Ele tem andar de gato...
Nos anos 60 houve uma revolução nos meios cinematográficos com o surgimento dos “spaghetti western” , “faroeste espaguete” ou “bang-bang macarrônico”, subgênero western de produção italiana muitas vezes com a participação de atores famosos mesmo em início de sua carreira e que mais tarde viriam se tornar estrelas internacionais, como Clint Eastwood, Charles Bronson, Yul Brynner, Claudia Cardinale, Chuck Norris, Henry Fonda, Giuliano Gemma, Terence Hill, Toshiro Mifune, Ricardo Montalban, Jack Palance, Burt Reynolds, Bud Spencer, Gian Maria Volonté e Orson Welles, dentre outros, filmados na Itália ou na Espanha.
E nos maravilhávamos com a sucessão de Djangos, Sartanas, Alleluja, Sabatas e Trinitys que, ao som dos maravilhosos acordes de Ennio Morricone em “Por um punhado de dólares”, “Por alguns dólares a mais”, “O bom, o mau e o feio”, com um único tiro disparado logravam atingir e neutralizar inúmeros de seus oponentes, sobretudo por autoria do herói que faz justiça pelas próprias mãos. Nesse contexto também aparece a presença constante do duelo, frequentemente no fim do filme, o verdadeiro ápice de toda a história, em substituição aos previsíveis originais western americanos que mais se dedicavam a abater os indígenas nativos nos anos 50.
Típicos do gênero são também os títulos, particulares e quase falantes das verdadeiras e próprias frases que espelham os estereótipos das películas como que inseridas no roteiro de forma despretensiosa, mas que tinham um impacto marcante em todos, como a que tomamos para título dessa crônica e que Gugu adorava, sei lá porque:
Ele tem andar de gato, sinal que é um bom pistoleiro...

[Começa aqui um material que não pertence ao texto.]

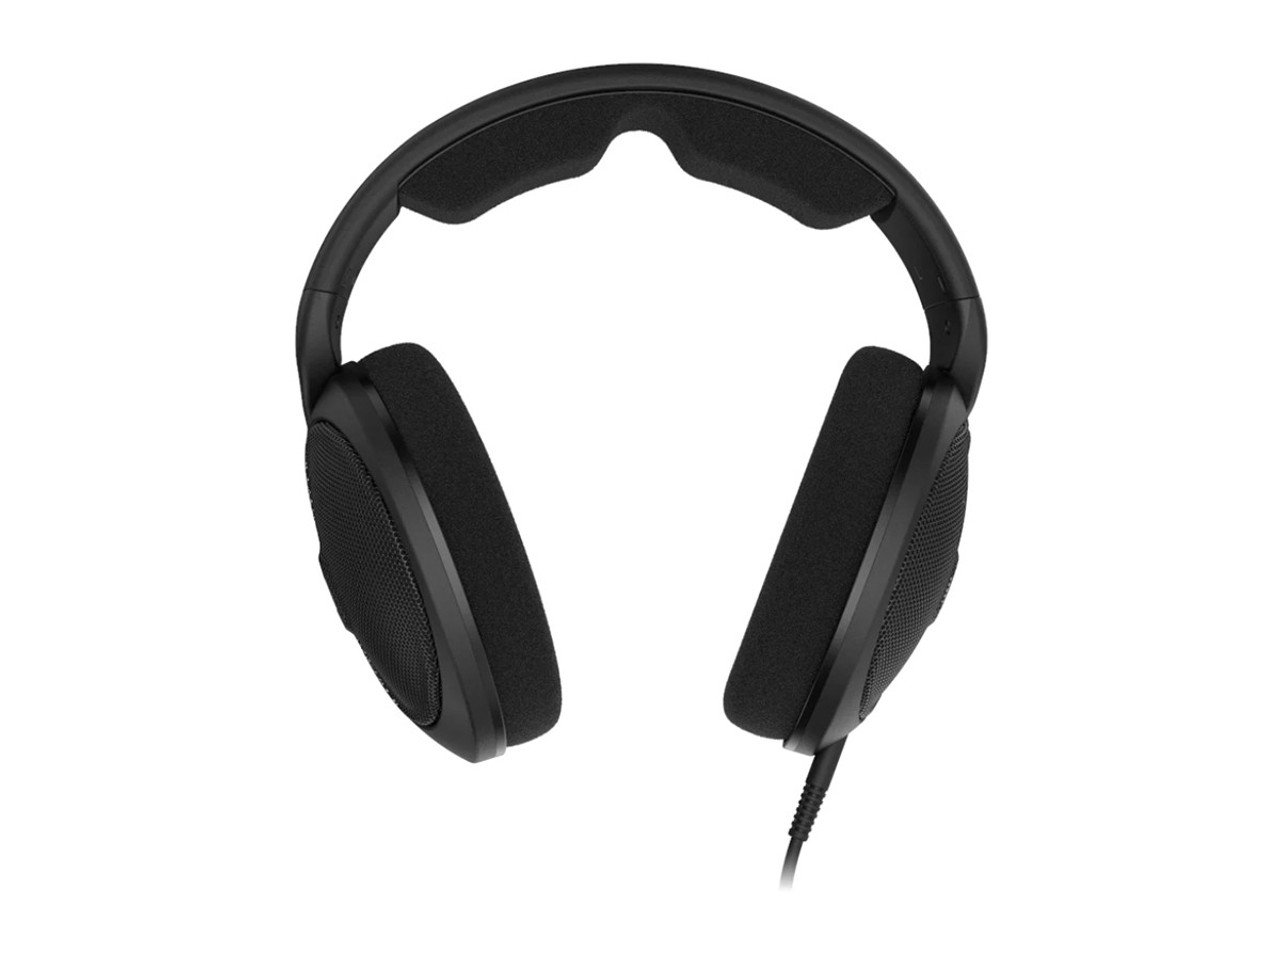 HD 560 S Headphones - Open Box

Luiz Augusto de Lima Freitas, o Gugu, era portador de uma insuficiência cardíaca, diziam, o que o impossibilitava de acompanhar seus amigos contemporâneos nas tantas atividades comuns aos de sua idade, sempre acompanhado de perto pelos olhares diligentes de seus pais, Dr. Luiz de Freitas e esposa, ele competente advogado e Deputado Estadual, além de por sua irmã que o precedeu, Bete, a qual, devo confessar, respeitosamente meu primeiro amor platônico e infantil ao divisá-la como a mais perfeita materialização da Branca de Neve dos contos dos irmãos Grimm e imortalizada por Disney.

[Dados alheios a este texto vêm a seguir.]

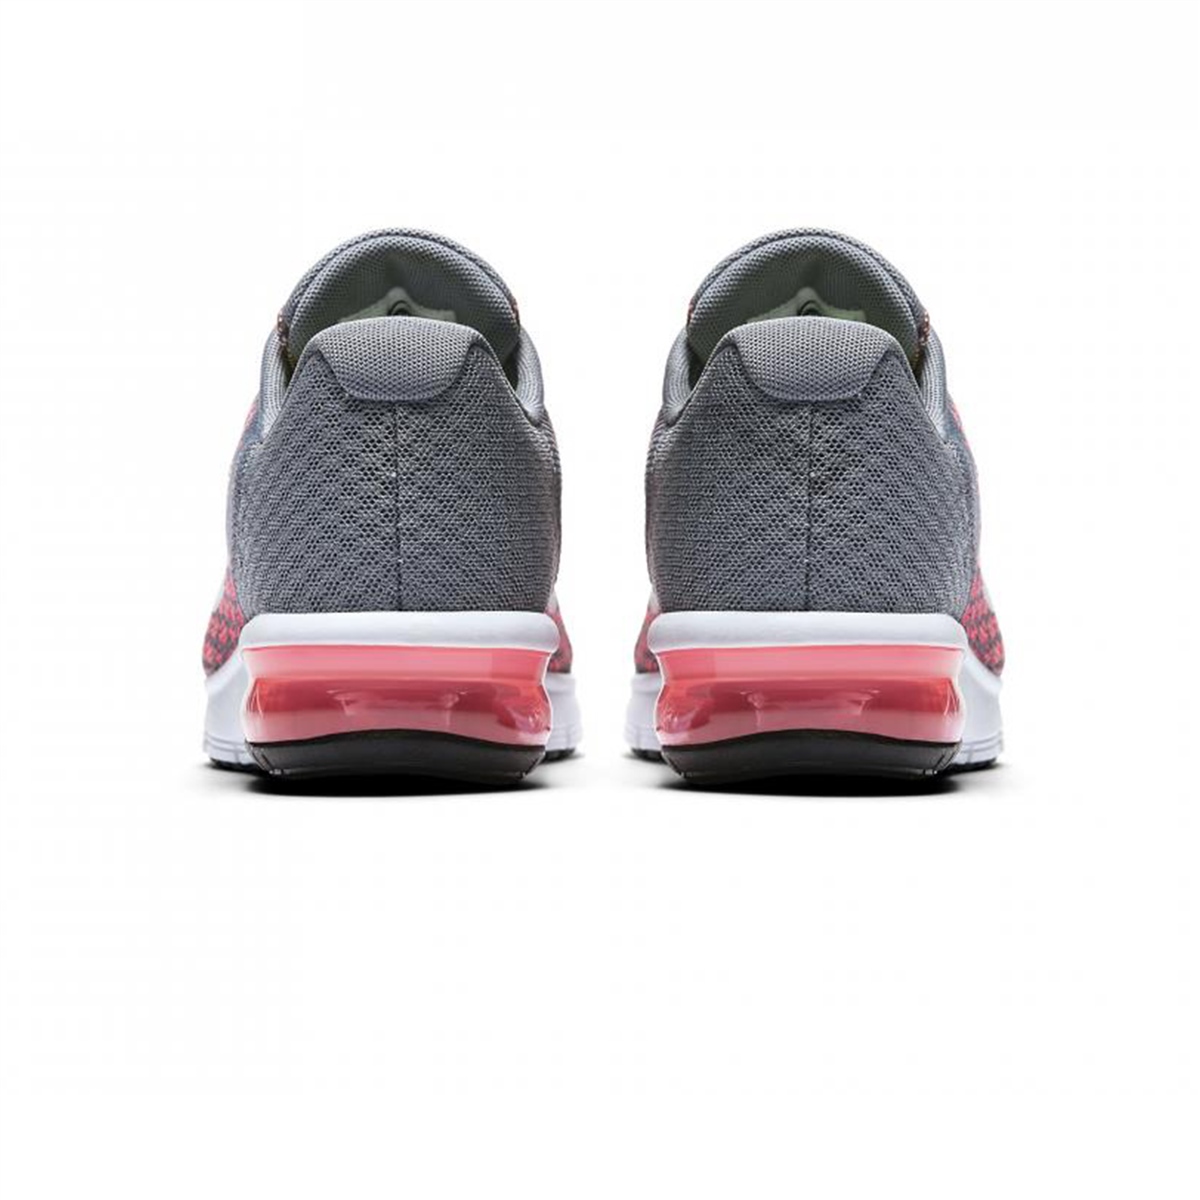 Nike Air Max Sequent 2 Bayan Spor Ayakkabı Ürün kodu: 852465-003 | Etichet  Sport

Soubessem eles o que Gugu aprontava quando longe de seus olhos atentos... Para compensar o obrigatório distanciamento de seus amigos, passou a desenvolver suas aptidões natas e tornou-se exímio no manejo e arremesso de facas, arco e flecha, machadinhas, estilingue,na preparação de armadilhas e no cavalgar cavalos em pelo, sem arreios, como se um índio dos filmes que assistíamos.
Com extrema perícia, manejava seu “tomahawk” – afiada machadinha de guerra a exemplo dos indígenas americanos – decapitando à distância e com precisão cirúrgica os pescoços dos frangos que seriam servidos no almoço de domingo na casa de seus pais; de outra forma, os abatia com certeiras flechadas ou até mesmo com as pedras que sabia atirar com absoluta pontaria com sua seta de ganchos colhidos no morro do cemitério.

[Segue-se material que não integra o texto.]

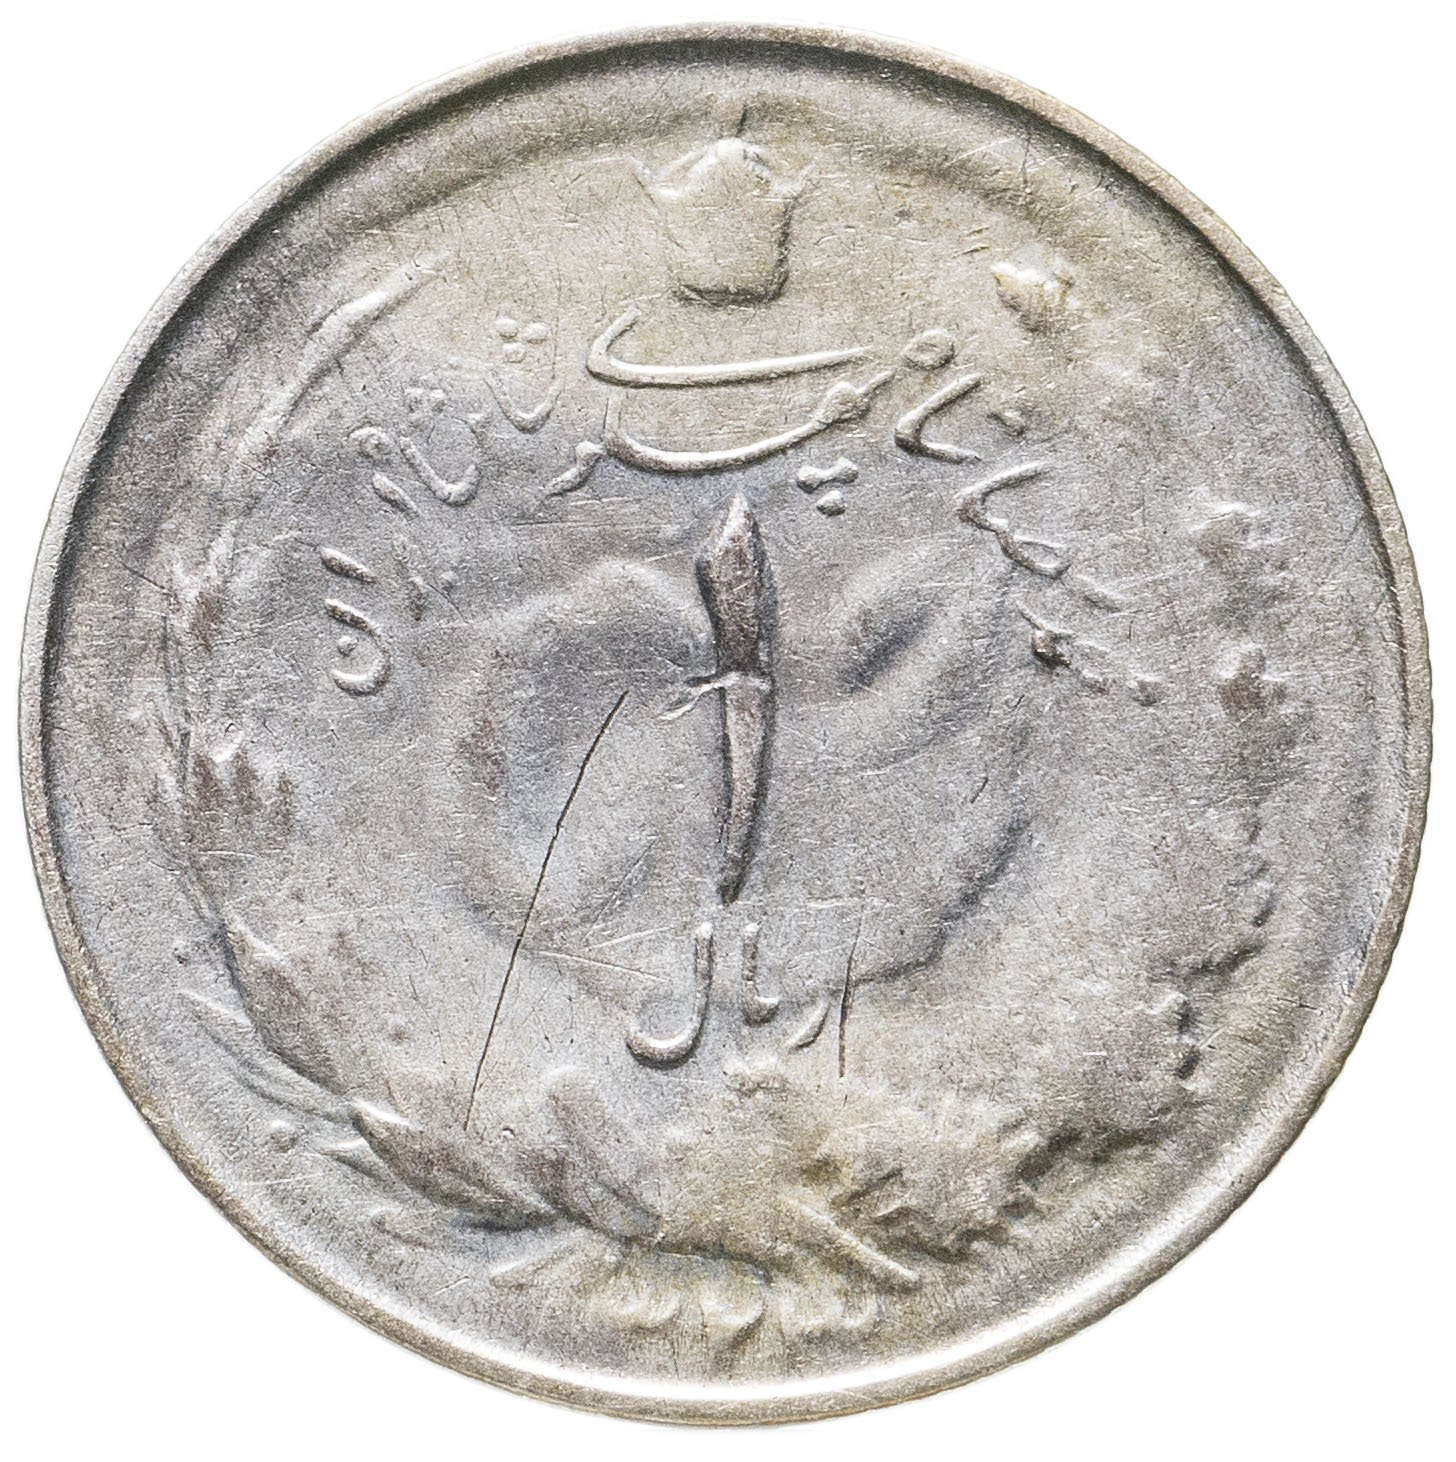 монеты ирана каталог

As flechas de seu arco, levadas displicentemente penduradas ao ombro acomodadas em uma aljava de couro, eram milimetricamente preparadas com a guaxuma colhida próximo ao campo do Ypiranga, com pontas de prego ou tradicionais a depender de suas finalidades e com duas penas de algum galináceo na outra extremidade. E Gugu era certeiro com elas, nunca o vi perder uma única flechada... Quando não muito propenso a ver sangue ou então por ímpetos de complacência, somente capturava os frangos ou outros animais em suas armadilhas de laços que sabia montar como poucos, um autêntico silvícola e afeto à vida dita selvagem.
Gugu, quando distante dos olhos inquisidores de seus pais ou de adultos, também era um pesquisador nato, sempre em busca de novas experiências. Mesmo que hoje sejam condenadas tais excentricidades e com ele próprio se tornado um ardente defensor das causas animais, deve-se a ele as anotações sobre as reações de um apavorado gato preso na jaula em que preservava uma jaguatirica faminta que ele caçara, até o presumível fim do primeiro felino. De outra forma, muitas tardes passamos eu, ele e Cláudio Mileipe em experiências químicas extraídas dos livros que Nogueirinha nos emprestava.
Taciturno e por não encontrar diversão nas atividades que desenvolvíamos, preferia refugiar-se no Sítio Boa Esperança, contíguo à linha ferroviária e próximo da hidroelétrica, junto a seus bons amigos Antonio Joaquim e irmãos, onde podia dar vazão livre a seus ímpetos de uma vida ao ar livre, cavalgando os cavalos no pelo e caçando passarinhos e animais na matinha, bebendo a garapa moída na hora.
Distanciamo-nos cedo, já que fui trabalhar em cidades distantes e Gugu ingressou na faculdade onde se formou, notabilizando-se no exercício de sua profissão e passando algumas décadas sem nos vermos, exceto por ocasião das festividades de nossa cidade, quando nos reencontrávamos e matávamos ao menos uma parte dessa saudade que sempre se guarda de bons amigos como ele. Rememoramos os tantos momentos vividos, os tantos incidentes que permeiam nossas existências e que se constituem em nossas melhores lembranças, como o da vez em que ele e Cláudio me abandonaram desacordado no túnel formado pelas árvores atrás da casa do Ciro Pitanga, após um fenomenal tombo ao me balançar em um cipó que se rompeu, encobrindo-me com folhas ao julgarem que tivesse morrido e ambos fugindo.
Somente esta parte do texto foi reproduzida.